Since the data got bigger by adding external data and additional packages we decided to use the more efficient lightgbm which seemed the new best balance for our model.

$$ Previous Best Score : 0.6291 $$
$$ New Best Score : 0.6145 $$

In [None]:
import sys
import subprocess

def install(package):
    subprocess.check_call([sys.executable, "-m", "pip", "install", package])

install('vacances-scolaires-france')


import pandas as pd
import numpy as np
import lightgbm as lgb
from sklearn.model_selection import train_test_split
from sklearn.preprocessing import StandardScaler, OneHotEncoder
from sklearn.compose import ColumnTransformer
from vacances_scolaires_france import SchoolHolidayDates

# Load data
bike_df_train = pd.read_parquet("/kaggle/input/mdsb-2023/train.parquet")
bike_df_test = pd.read_parquet("/kaggle/input/mdsb-2023/final_test.parquet")

# Load the weather data
weather_data = pd.read_csv("/kaggle/input/mdsb-2023/external_data.csv")

# Initialize the SchoolHolidayDates object
school_holidays = SchoolHolidayDates()

# Check if a given date is a school holiday
def is_school_holiday(datetime_obj):
    date_obj = datetime_obj.date()
    return school_holidays.is_holiday_for_zone(date_obj, 'C')  # Paris is Zone C

# Function to categorize weather
def simplified_weather_categorization(row):
    # Define your thresholds
    temp_cold_threshold = 278.15
    temp_warm_threshold = 298.15
    rain_threshold = 1.0

    temp = row['t']
    rain = row.get('rr1', 0)

    if rain >= rain_threshold:
        return "Rainy"
    elif temp <= temp_cold_threshold:
        return "Cold"
    elif temp >= temp_warm_threshold:
        return "Warm"
    else:
        return "Moderate"

# Apply the function to create the 'simplified_weather_category' column
weather_data['date'] = pd.to_datetime(weather_data['date'])
weather_data['simplified_weather_category'] = weather_data.apply(simplified_weather_categorization, axis=1)
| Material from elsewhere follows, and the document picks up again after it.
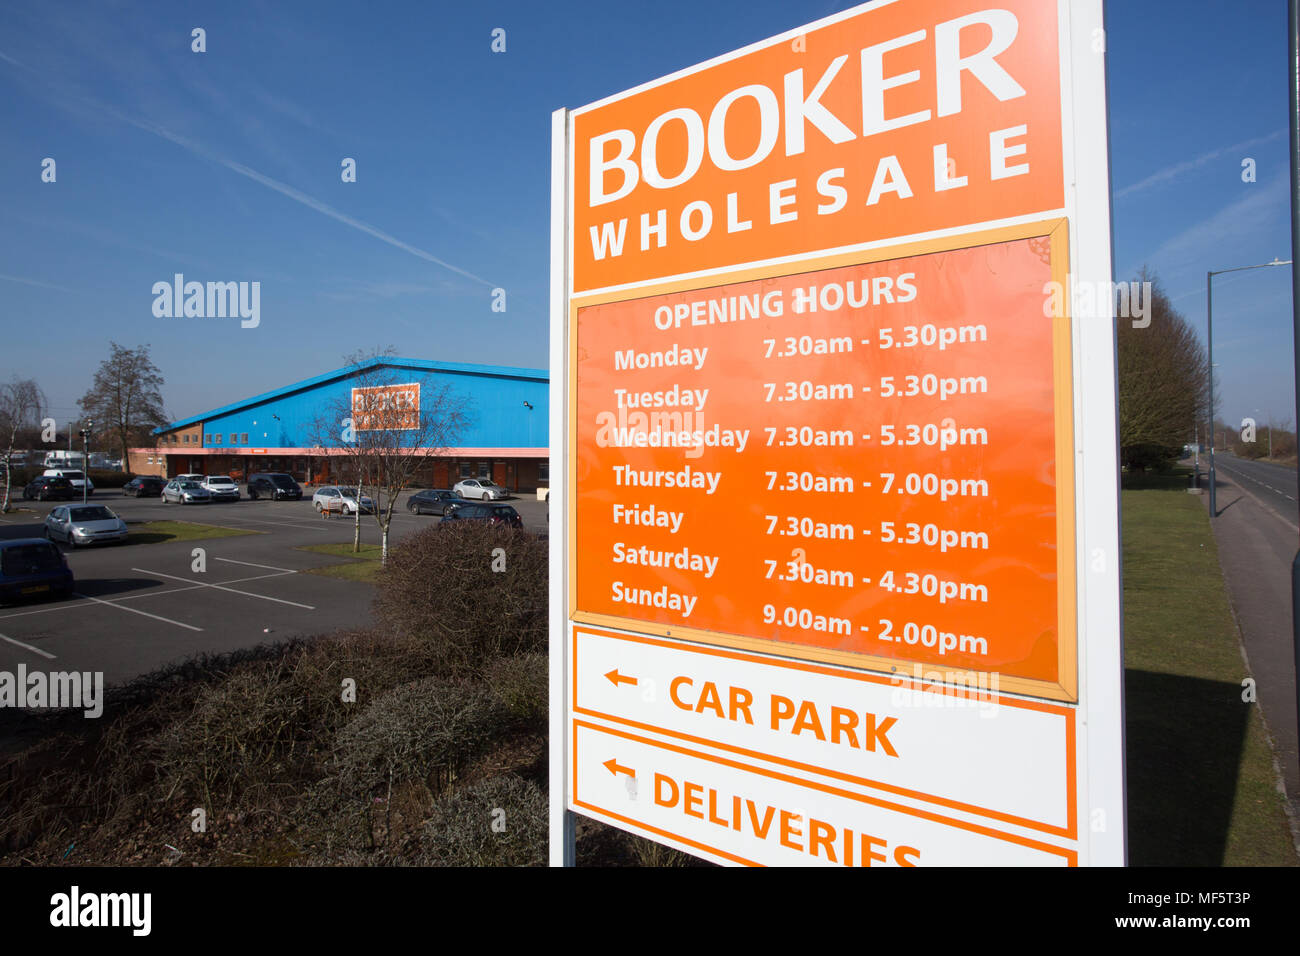 Booker Wholesale signage Stock Photo
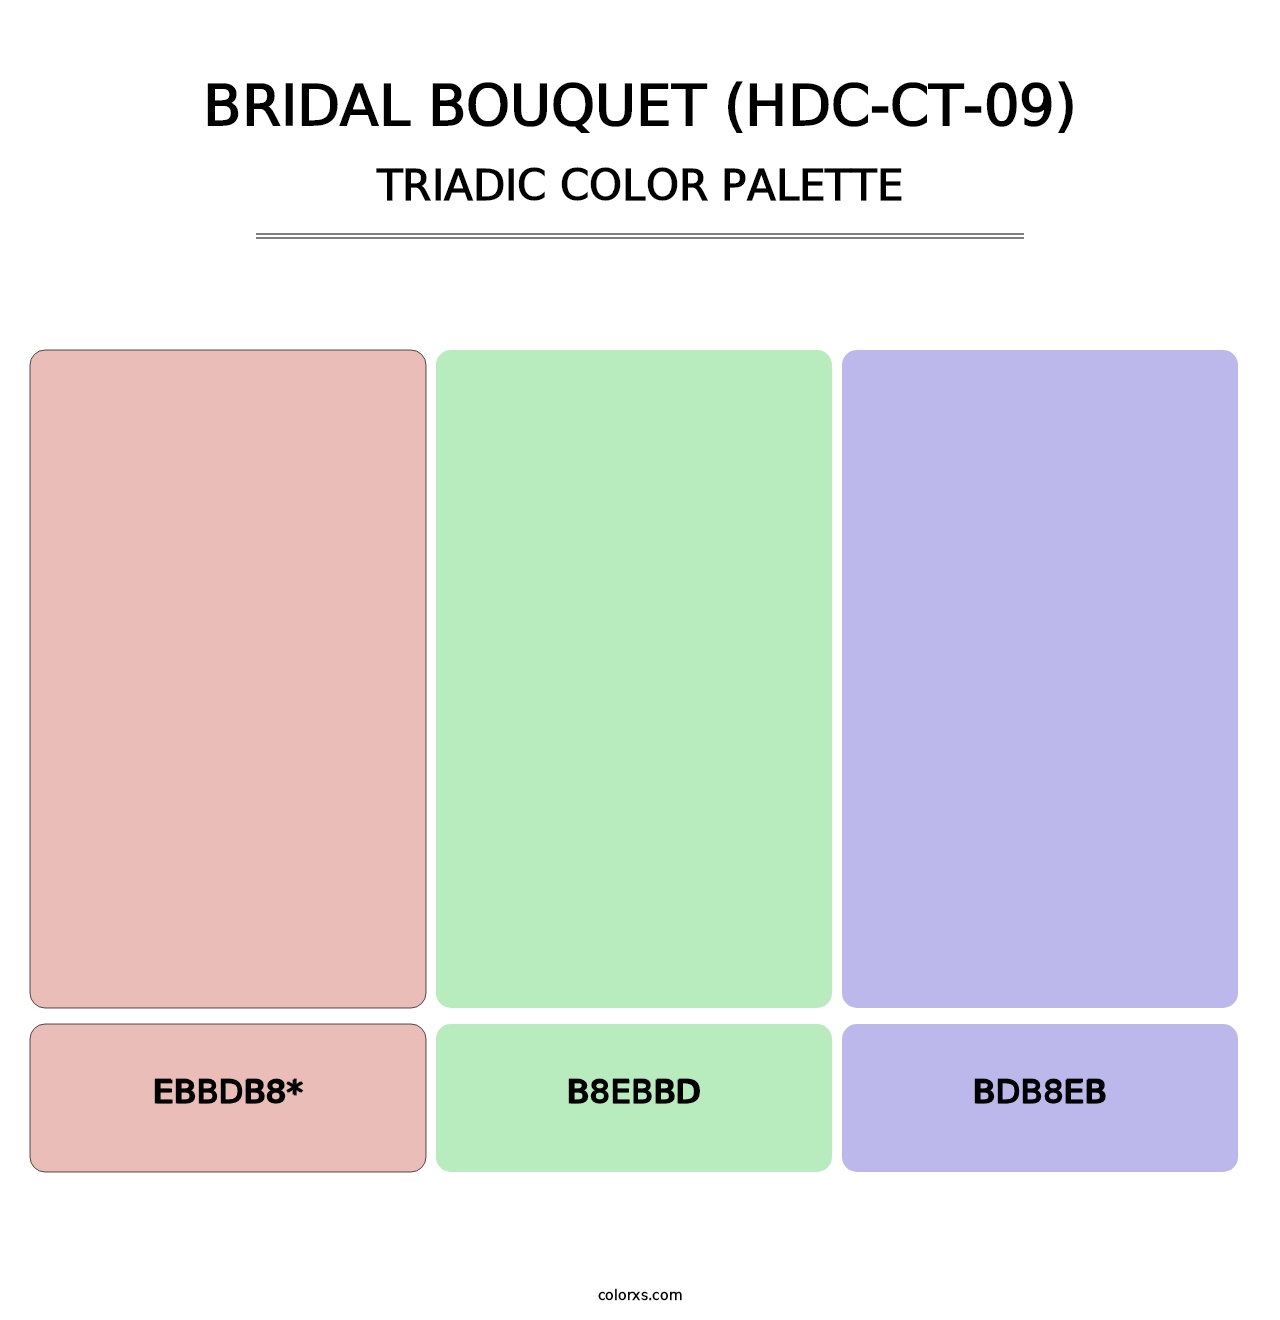 Bridal Bouquet (HDC-CT-09) - Triadic Color Palette

# Merge with training and testing data
bike_df_train = bike_df_train.merge(weather_data[['date', 'simplified_weather_category']], on='date', how='left')
bike_df_test = bike_df_test.merge(weather_data[['date', 'simplified_weather_category']], on='date', how='left')

# Convert date to datetime and extract components
bike_df_train['date'] = pd.to_datetime(bike_df_train['date'])
bike_df_test['date'] = pd.to_datetime(bike_df_test['date'])

# Extracting date components and school holiday feature
for df in [bike_df_train, bike_df_test]:
    df['hour'] = df['date'].dt.hour
    df['day'] = df['date'].dt.day
    df['weekday'] = df['date'].dt.weekday
    df['month'] = df['date'].dt.month
    df['year'] = df['date'].dt.year
    df['is_school_holiday'] = df['date'].apply(is_school_holiday)

# Feature Engineering
def categorize_hour(hour):
    if 5 <= hour < 10:
        return 'morning'
    elif 10 <= hour < 15:
        return 'midday'
    elif 15 <= hour < 20:
        return 'afternoon'
    else:
        return 'night'

bike_df_train['time_of_day'] = bike_df_train['hour'].apply(categorize_hour)
bike_df_test['time_of_day'] = bike_df_test['hour'].apply(categorize_hour)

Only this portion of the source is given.